PALANGKA RAYA – Kantor Wilayah Kementerian Hukum (Kanwil Kemenkum) Provinsi Kalimantan Tengah kembali menunjukkan komitmennya dalam memperkuat kualitas pembentukan produk hukum daerah melalui rapat harmonisasi terhadap tiga rancangan regulasi strategis yang diusulkan Pemerintah Kota Palangka Raya dan Pemerintah Kabupaten Barito Timur.

Kegiatan yang berlangsung di Aula Kahayan Kanwil Kemenkum Kalimantan Tengah itu menjadi bagian dari upaya memastikan setiap produk hukum daerah memiliki keselarasan dengan peraturan perundang-undangan yang lebih tinggi, tidak tumpang tindih, serta mampu menjawab kebutuhan pembangunan daerah secara efektif.

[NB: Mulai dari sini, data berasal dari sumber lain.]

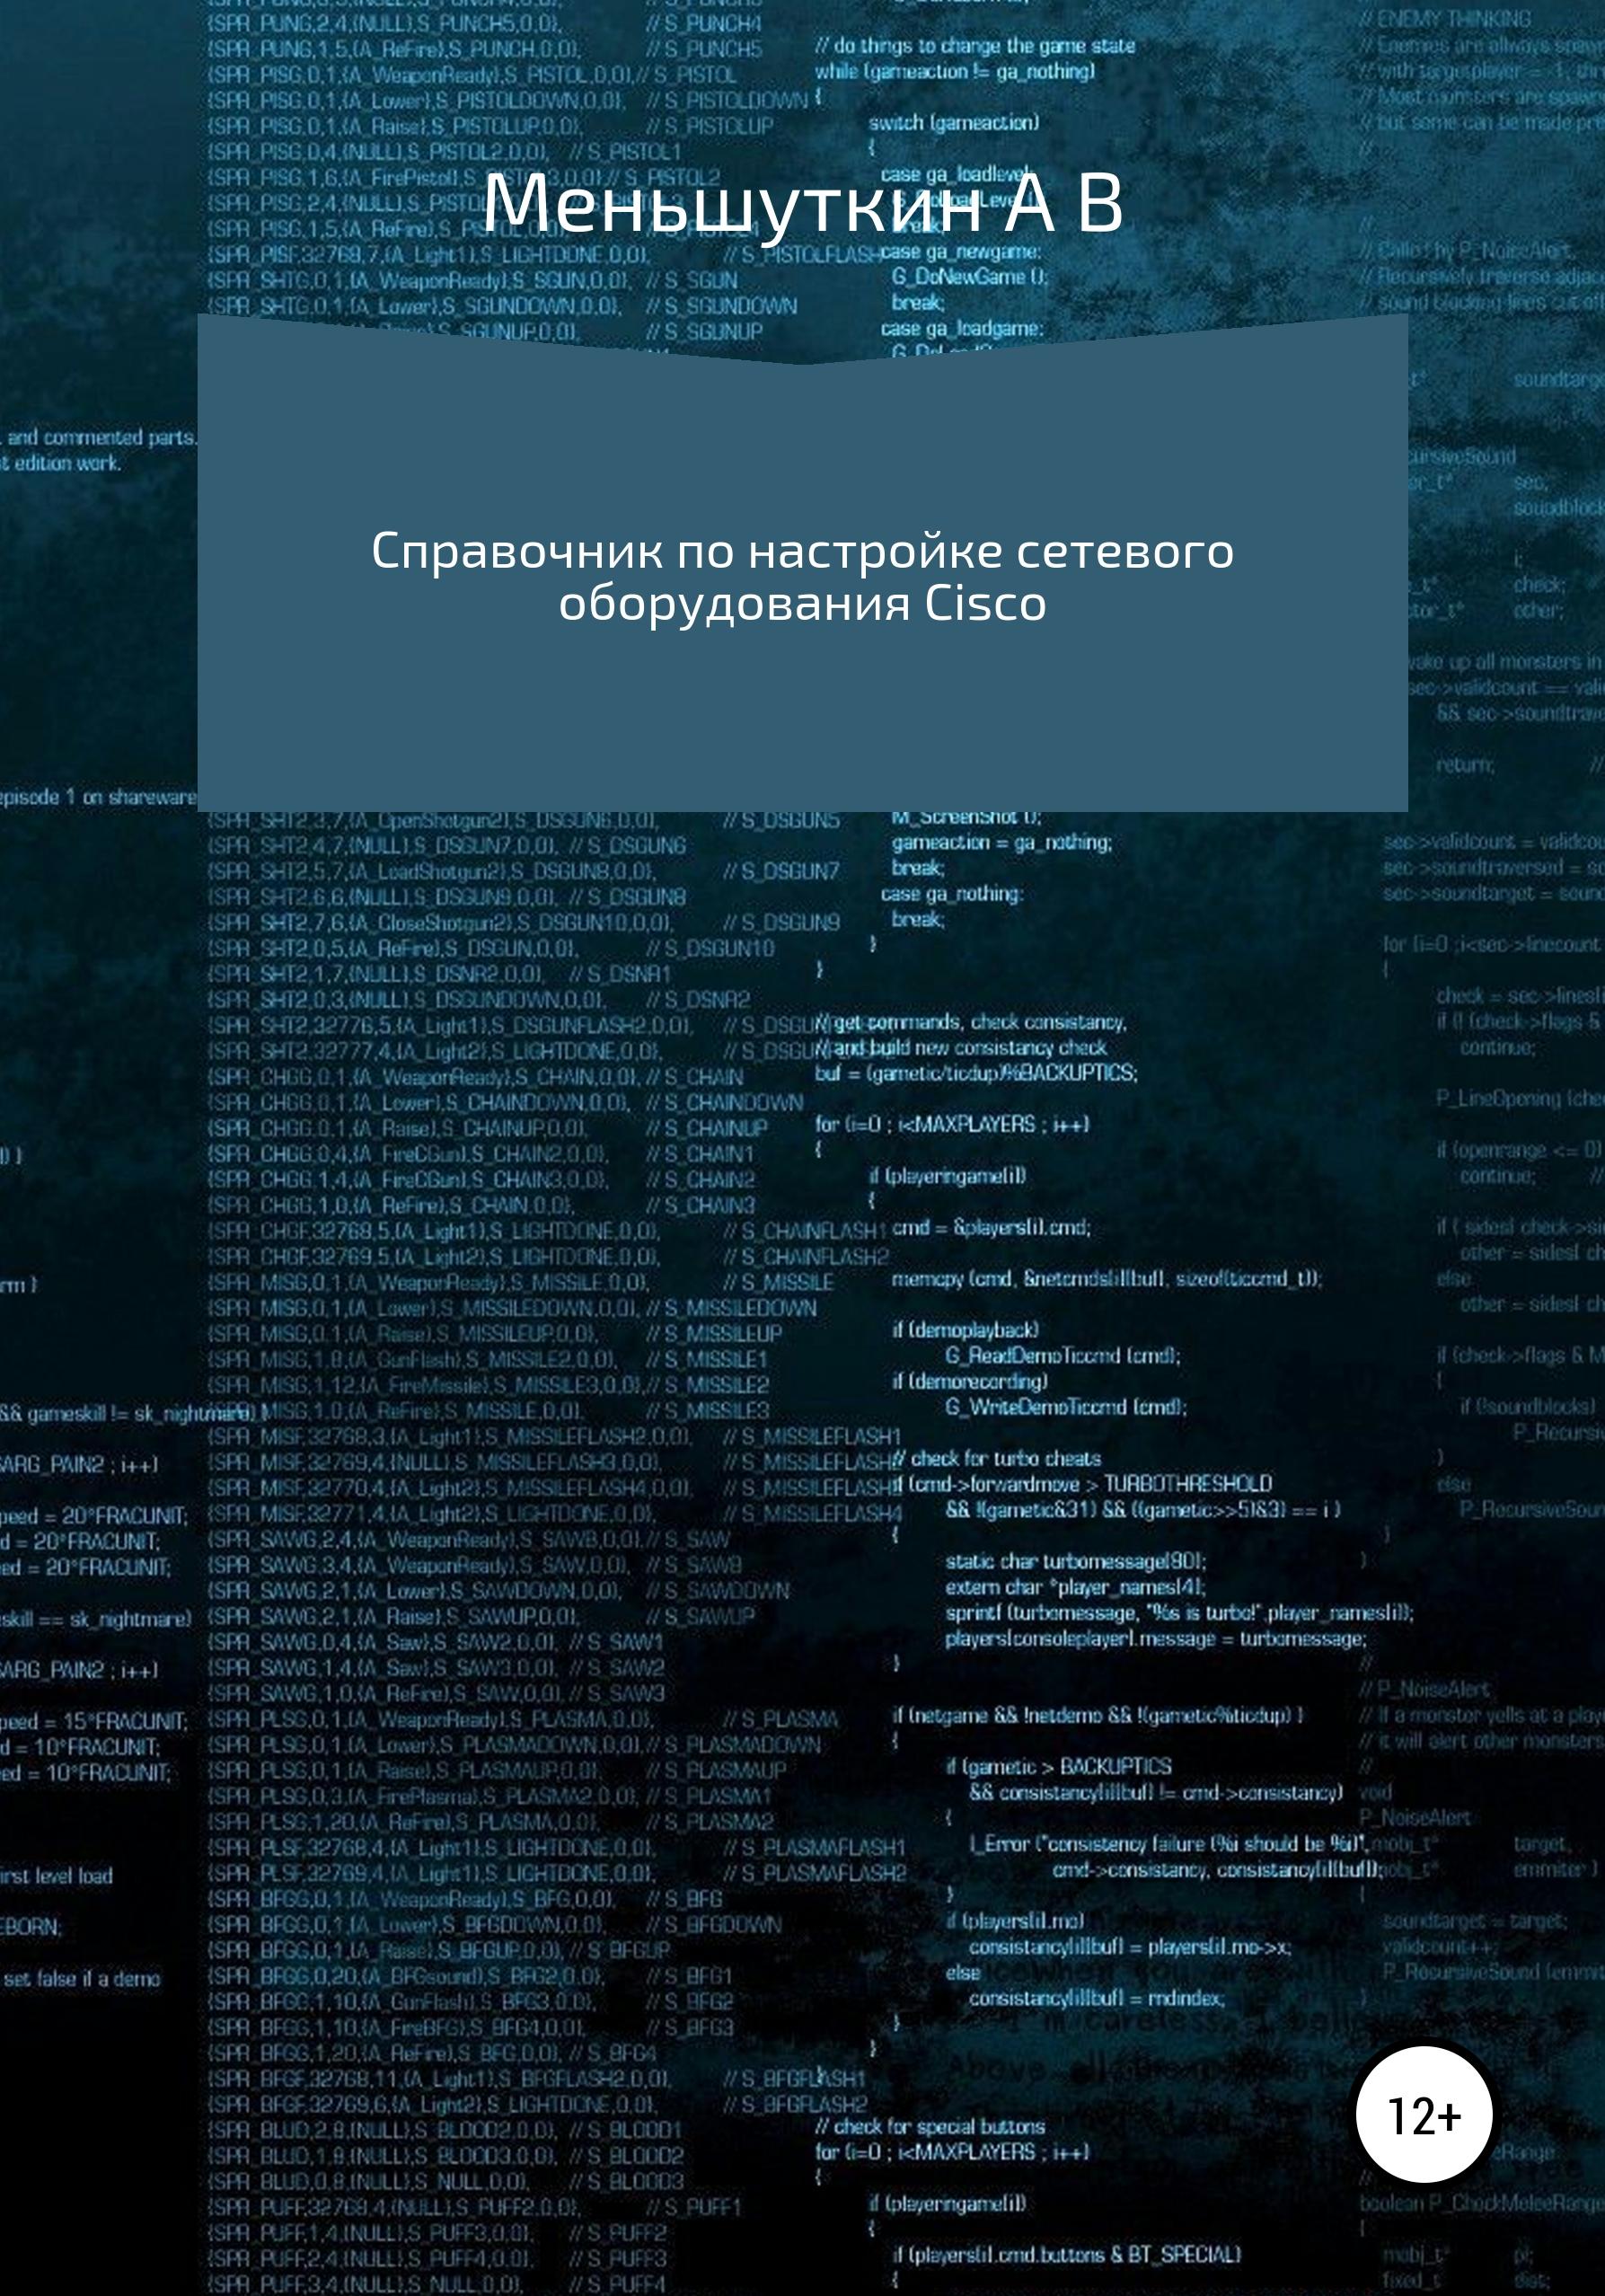 Справочник по настройке сетевого оборудования Cisco

Kepala Divisi Peraturan Perundang-undangan dan Pembinaan Hukum Kanwil Kemenkum Kalimantan Tengah, Muhamad Mufid, menegaskan bahwa proses harmonisasi merupakan tahapan penting dalam pembentukan regulasi agar memiliki kepastian hukum dan dapat diterapkan secara optimal.

Adapun tiga rancangan regulasi yang dibahas meliputi:

  • Rancangan Peraturan Daerah (Raperda) Kota Palangka Raya tentang Rencana Pembangunan dan Pengembangan Perumahan dan Kawasan Permukiman Tahun 2026–2046.
  • Rancangan Peraturan Wali Kota Palangka Raya mengenai Analisis Standar Belanja Nonfisik.
  • Rancangan Peraturan Bupati Barito Timur tentang Perubahan Rencana Kerja Pemerintah Daerah (RKPD) Tahun Anggaran 2026.

Muhamad Mufid menjelaskan, harmonisasi bukan sekadar pemeriksaan administratif, melainkan proses menyelaraskan substansi regulasi agar tidak bertentangan dengan peraturan yang lebih tinggi maupun regulasi lain yang telah berlaku. Dengan demikian, produk hukum yang dihasilkan diharapkan mampu memberikan kepastian hukum sekaligus mendukung tata kelola pemerintahan yang efektif, efisien, dan akuntabel.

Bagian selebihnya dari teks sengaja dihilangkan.